В убежище, среди картин, я вдруг показался себе человеком десятого числа, не чующим завтрашней атаки: окружавшие меня портреты совсем не походили на картинки с кладбища, расклеенные по Нью – Йорку, а музей Гуггенхейма – на мавзолей, вокруг и внутри которого могли бы совершаться недобрые ритуальные действа. Счастливо позабыв о только что оставленной мною простреливаемой площадке и узрев в перспективе анфилады юную парочку, я подумал, что лет сорок назад затащил бы очередную свою подружку (музу, разумеется) в подобное тихое место, чтобы нацеловаться вдоволь; если теперь это будто бы не возбраняется делать где угодно, на юру, то нам тогда приходилось использовать для того же вокзалы, бурно прощаясь подле отправляющихся поездов. Мавзолеи, правда, и сейчас не место для шёпотов и объятий, даже этот, в котором я что – то не разглядел могилы предводителя, хотя и приходил сюда, оказывается, не один раз. Но не спрашивать же было о ней экскурсовода.
– Видите, как вырождается этот жанр? – испытующе глядя на меня, спросила она.
Глупо отозвавшись на вопрос вопросом, и оттого смутившись, я узнал, что она имела в виду автопортреты.
– Зеркала будто бы не стали тусклее, – смущённо пробормотал я, из лени умолчав о том, что наш предмет вполне может сохраниться и не в живописи, а в прозе, и оставив при себе догадку о подозрительности модного интереса к зазеркалью.

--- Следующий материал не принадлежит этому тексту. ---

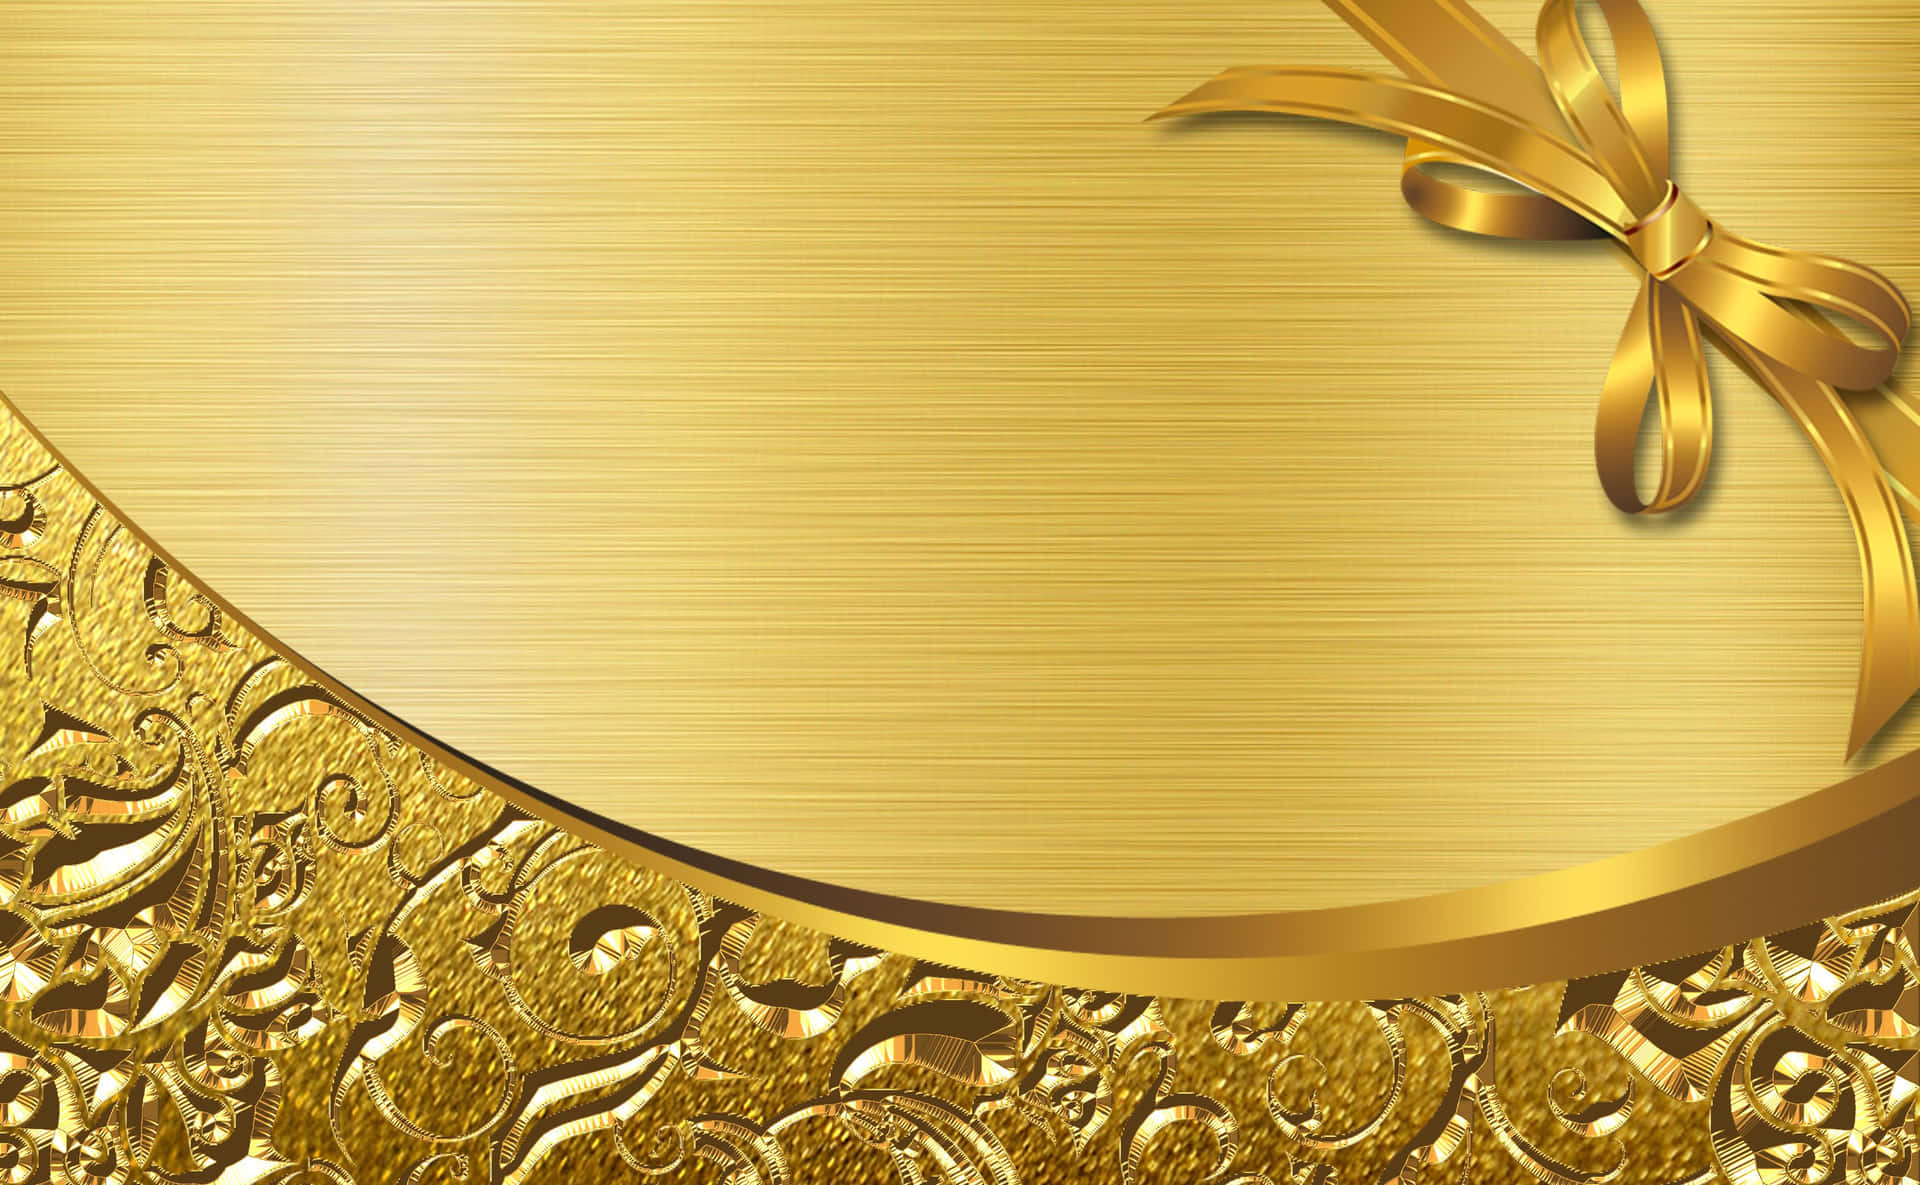 Gold Background With A Bow And Ribbon

– Я разбила одно, – призналась она. – Утром одиннадцатого.
Уже немолодая, женщина была верующей, но мне не по силам оказалось убедить её в грешности суеверий: выдумав за собою вину, она упорствовала; между тем никто из её близких не был в то утро в башнях, да и целых зеркал оставалось в доме столько, что впору было зазывать проходящих мимо самовлюблённых портретистов.
– Но что вы сказали о вырождении? – запоздало откликнулся на давешний вопрос один из её подопечных. – Только что здесь мне попался совсем свежий.
Он готов был вести показывать.
– Время нынче не то, – поддержал я экскурсовода. – Столько вокруг боли (да вы же из России, не мне вам рассказывать), что становится уже не до любования собой. Вам наверняка известна мысль: не писать стихи после Освенцима…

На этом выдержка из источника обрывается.